5.5. Firn Air Measurements
Past success in analyzing for halocarbons in air samples collected from firn (unconsolidated snow) at the South Pole [Elkins et al., 1996a] prompted us to continue these investigations in Greenland and Antarctica. Our initial measurements of South Pole firn air were from low-pressure glass flasks used in collecting air for carbon-cycle gases. Although these measurements seemed reasonable and the samples generally uncontaminated, they could only be run on two of our instruments; GC MS measurements were precluded for the South Pole samples because of a lack of available air. In April 1996 we assisted in the collection of samples from two holes at Tunu, Greenland (78°01N, 33°59E) and filled our usual 2.5-L stainless steel flasks to 375 kPa (yielding about 9 L of air) in addition to the glass flasks (150 kPa, yielding only 3.8- L air, most of which is used in analyses for carbon-cycle gases by the CMDL Carbon Cycle Group). Samples were returned to Boulder for analysis on all four instruments used in flask analyses (Table 5.2). Both glass flasks and steel flasks were run on the two GC/ECD systems and steel flasks were run on the two GC/MS systems. Similarly we obtained samples in both steel and glass flasks from deep and shallow holes drilled at Siple Dome, Antarctica (81°40S, 148°49W), in December 1996.
Data from these sites showed that CFCs, CH3CCl3, CCl4, SF6, halons, and HCFCs were essentially absent in the early 20th century atmosphere (Figures 5.38, 5.39, and 5.40). This is not surprising information, but these samples, which, unlike the initial South Pole samples, were collected in such a way as to avoid low-level contamination of halocarbons, are the first verification of levels of CFCs and the major chlorocarbons that do not differ significantly from zero. The data demonstrate that if natural sources of these gases do exist, they are insignificant.
Fig. 5.38. Conservative gases of anthropogenic origin in Tunu firn air. (a) CFCs, (b) halons, (c) SF6. CO2 in air at the bottom of the Tunu, Greenland, profile corresponds to atmospheric CO2 in the early 1930s.
Fig. 5.39. Chlorocarbons in Siple Dome firn air. (a) CH3CCl3 and CCl4, (b) CH3Cl. CO2 in air at the bottom of the Siple Dome profile corresponds to atmospheric CO2 in the early 1950s.
Fig. 5.40. Replacement compounds for CFCs in Tunu firn air.
Results for methyl halides were more ambiguous, although it still may be possible to derive 20th century atmospheric histories for them (Figure 5.39b and Figure 5.41). Methyl chloride in the diffusive zone is about 10% higher than it is at the bottom of the profiles suggesting that activities over the past century have elevated the mixing ratio of this gas in the atmosphere by about 50 ppt. Also, in the upper 10-12 m of the firn, CH3Cl concentrations actually decrease toward the surface by about 30 ppt. This is consistent with seasonal cycles of CH3Cl which are associated with photochemical cycles of tropospheric OH.
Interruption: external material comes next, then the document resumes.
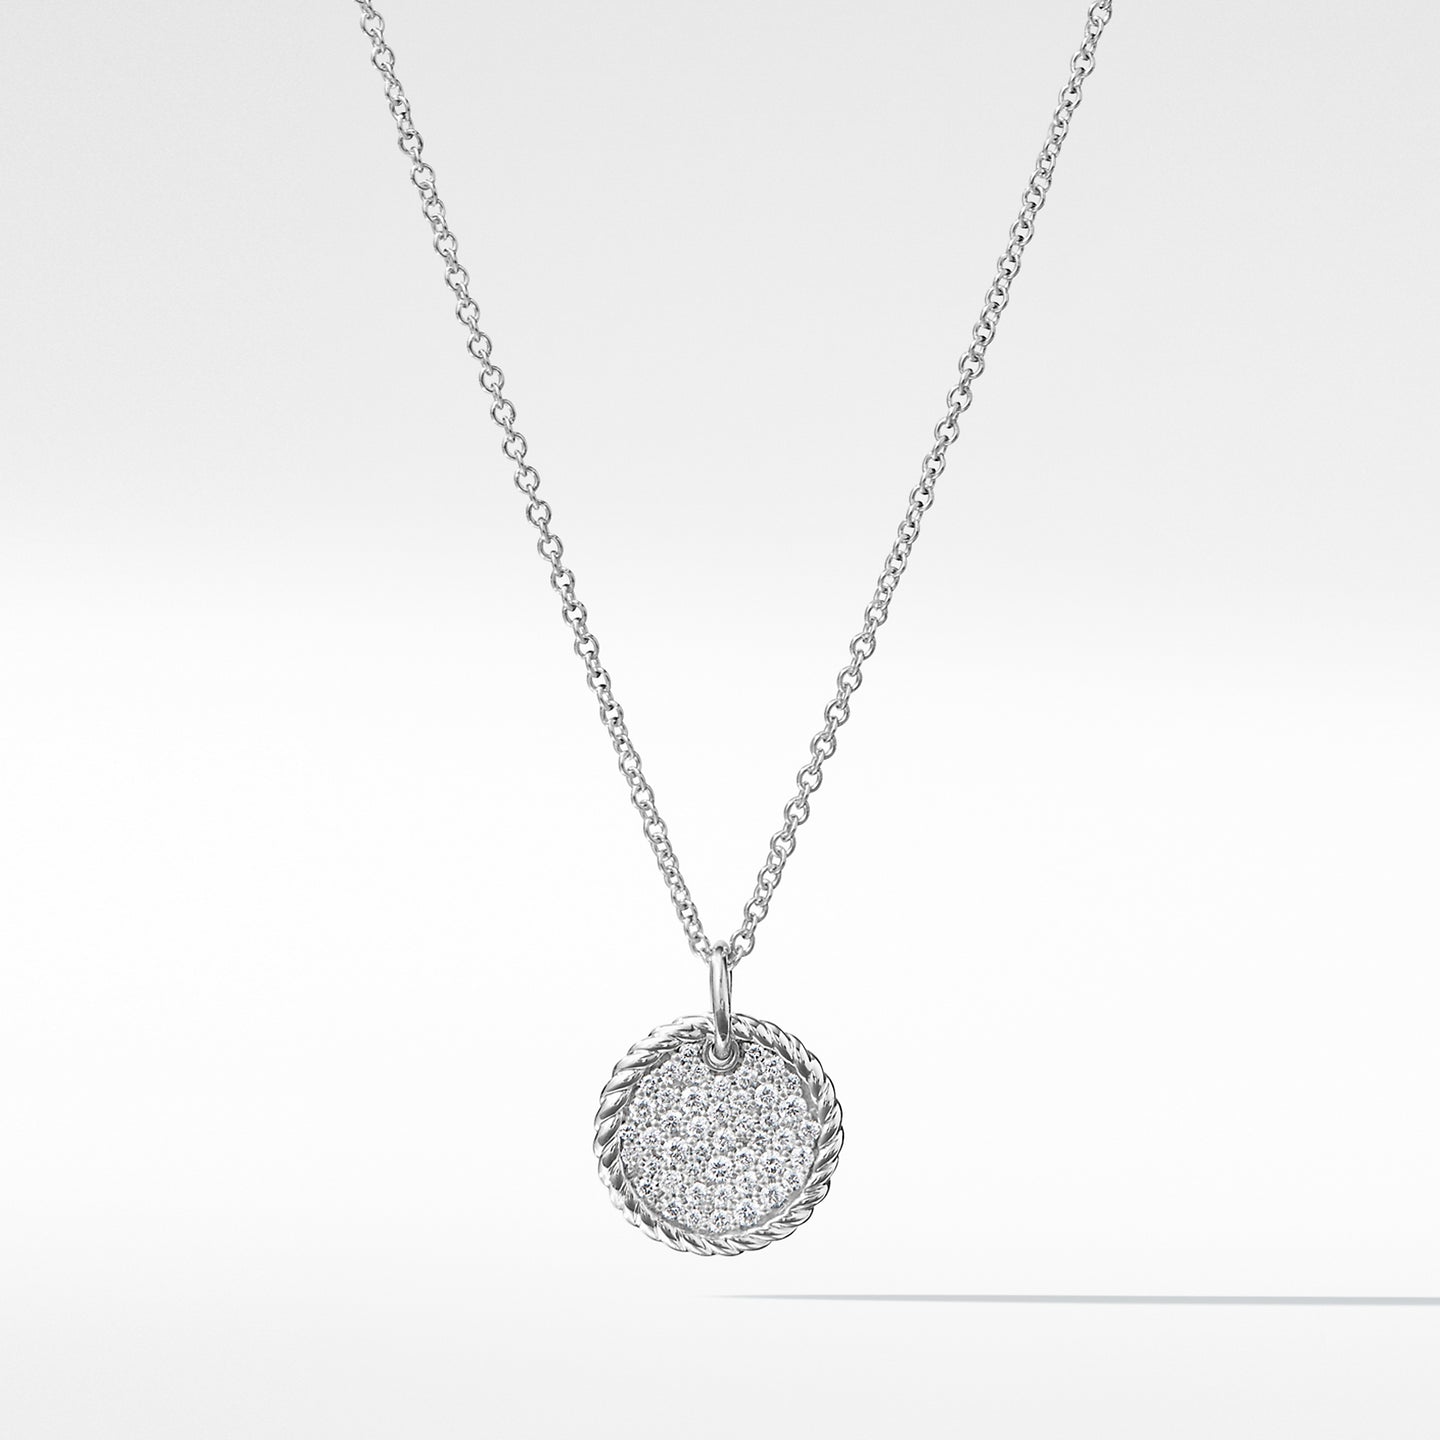 Cable Collectibles® Pavé Plate Necklace with Diamonds in 18K White Gold, 18

Fig. 5.41. Methyl bromide in firn air. (a) Antarctica, (b) Tunu, Greenland.
Data for CH3Br from Siple Dome agreed well with those from the South Pole, both suggesting that atmospheric CH3Br in the earlier part of this century was about 25% lower than it is today (Figure 5.41a). However, at Tunu, Greenland, a warmer and more coastally influenced site, CH3Br was high near the bottom of the profile, reaching mixing ratios of nearly 50 ppt at the firn-ice transition (Figure 5.41b). Tests confirm that this elevation in concentration at depth is not an artifact of sample collection, storage, or analysis. This leads us to believe that the observed high values for CH3Br in the firn at Tunu are real, although not necessarily of atmospheric origin. (This feature was also observed at Tunu for at least one other marine biogenic gas, CH3I, and it was observed for CHBr3 at Siple Dome where CH3Br and CH3I do not appear to have been produced.) A model of the firn profiles strongly suggests that CH3Br is produced near the firn-ice transition, a process that could not have been happening at South Pole or Siple Dome and yield the observed profiles.
Processes in the upper 10 m of firn also may affect CH3Br concentrations. At each antarctic site, the CH3Br concentration was elevated by as much as 1 ppt (10-15%) in samples just below the surface. This feature was consistent, though at present unexplained. Such variations did not appear throughout the profiles which suggests this may be a phenomenon limited to the upper 10 m. How this affects the overall profile is difficult to ascertain without first understanding the process. All firn samplings were conducted during the summer months thus precluding any evaluation of seasonal effects in the surface. In the fall of 1997, flasks were sent to SPO for sampling from a 15 m deep hole in winter and summer of 1998.